|Publication number||US8201384 B2|
|Application number||US 12/096,282|
|Publication date||Jun 19, 2012|
|Filing date||Nov 23, 2006|
|Priority date||Dec 7, 2005|
|Also published as||CA2632523A1, CA2632523C, DE502006003141D1, EP1957726A1, EP1957726B1, US20090013628, WO2007065182A1|
|Publication number||096282, 12096282, PCT/2006/481, PCT/AT/2006/000481, PCT/AT/2006/00481, PCT/AT/6/000481, PCT/AT/6/00481, PCT/AT2006/000481, PCT/AT2006/00481, PCT/AT2006000481, PCT/AT200600481, PCT/AT6/000481, PCT/AT6/00481, PCT/AT6000481, PCT/AT600481, US 8201384 B2, US 8201384B2, US-B2-8201384, US8201384 B2, US8201384B2|
|Original Assignee||Stefan Krestel|
|Export Citation||BiBTeX, EndNote, RefMan|
|Patent Citations (50), Classifications (17), Legal Events (3)|
|External Links: USPTO, USPTO Assignment, Espacenet|
The invention relates to a beam-like structural component made up of individual parts connected to each other, comprising at least one flange and at least one web.
It is known to manufacture a structural component having one flange and two webs, with the two webs forming a triangle together with the flange, as an extruded profile.
From GB 560 913 A, a plate-shaped supporting member is known which is formed by an upper plate and a lower plate, between which a structural component having a meander-shaped cross-section is inserted which is connected both to the upper plate and to the lower plate.
AT 285 129 B relates to a wall element comprising a number of boards assembled in a zigzag-shaped manner and connected to each other at their ends, with projecting grooves being provided at the two longitudinal edges of each board, whereby the boards can be connected to form a continuous component part inserted between an upper plate and a lower plate.
Furthermore, it is known to insert honeycombed structures between two flat plates, wherein the honeycombs are formed by honeycombs extending vertically to the two plates.
It is the object of the invention to provide a structural component of the initially described kind which is manufacturable in a particularly simple manner and exhibits not only a high load-bearing capacity but also a very high torsional rigidity.
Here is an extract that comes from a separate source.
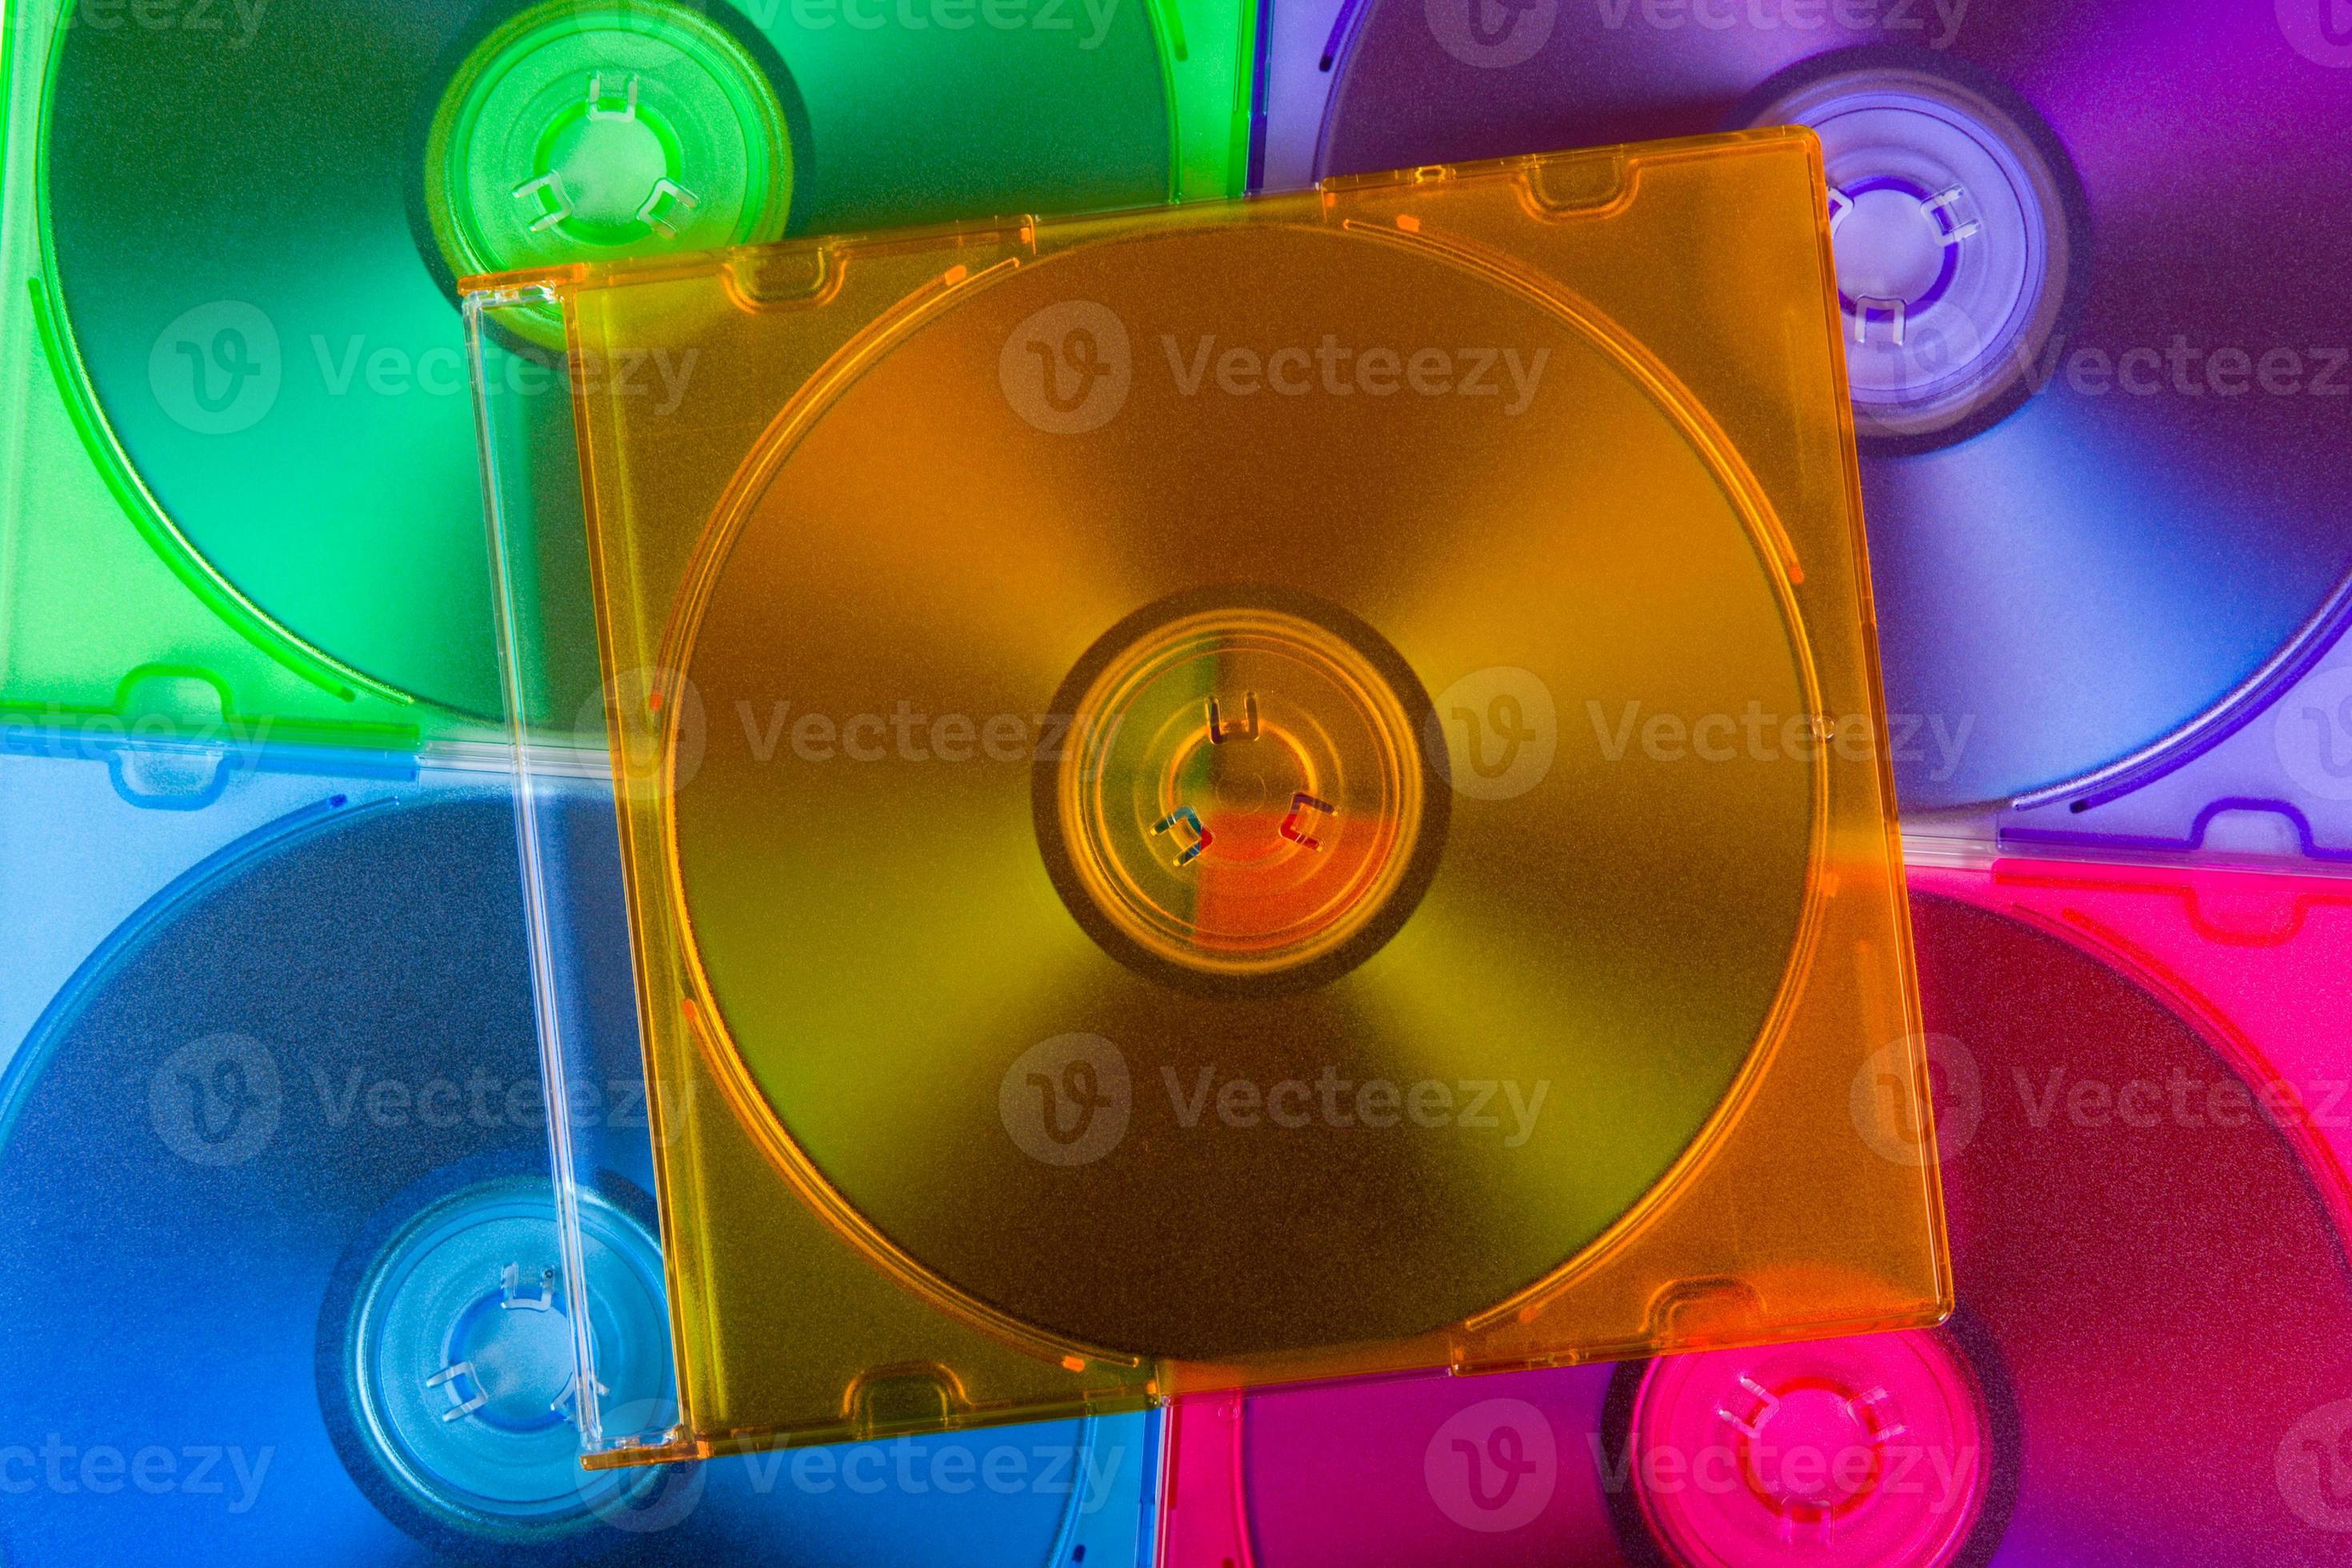 disques informatiques dans des boîtes multicolores photo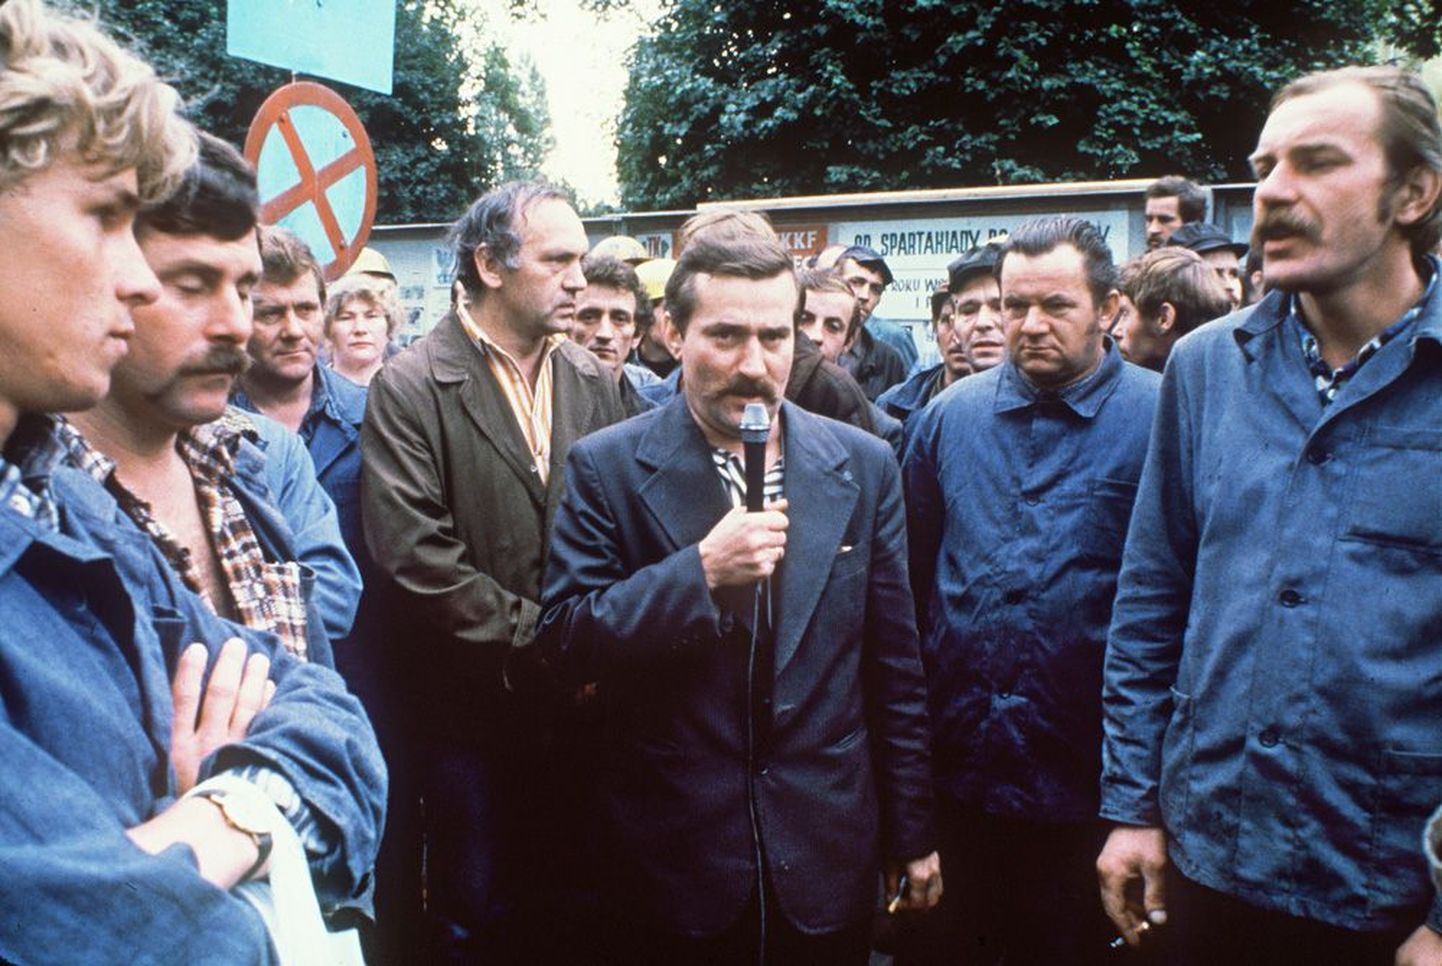 Лех Валенса (с микрофоном) 30 августа 1980 года в Гданьске на судоверфи имени Ленина передает рабочим сообщение о том, как идут переговоры профсоюзов с коммунистическим правительст­вом Польши. 18-дневная забастовка кораблестроителей на следующий день завершилась победой «Солидарности».

Furthermore, it should be possible to form plate-shaped supporting members with such a structural component.
According to the invention, said object is achieved in that the web is formed by web members extending transversely to the longitudinal extension of the web, with web members forming a linear longitudinal area extending across the length of the web and with, in each case, two adjacent web members extending toward different narrow edges of the flange starting from the longitudinal area of the web so that one web member rests against the flange with one side of the web and the adjacent web member rests against the flange with the opposite side of the web and the web members exhibit the shape of an “S”.
A simple basic shape of the structural component is characterized in that web members form with one end a linear longitudinal edge extending across the length of the web, from which longitudinal edge adjacent web members extend toward different narrow edge regions of the flange.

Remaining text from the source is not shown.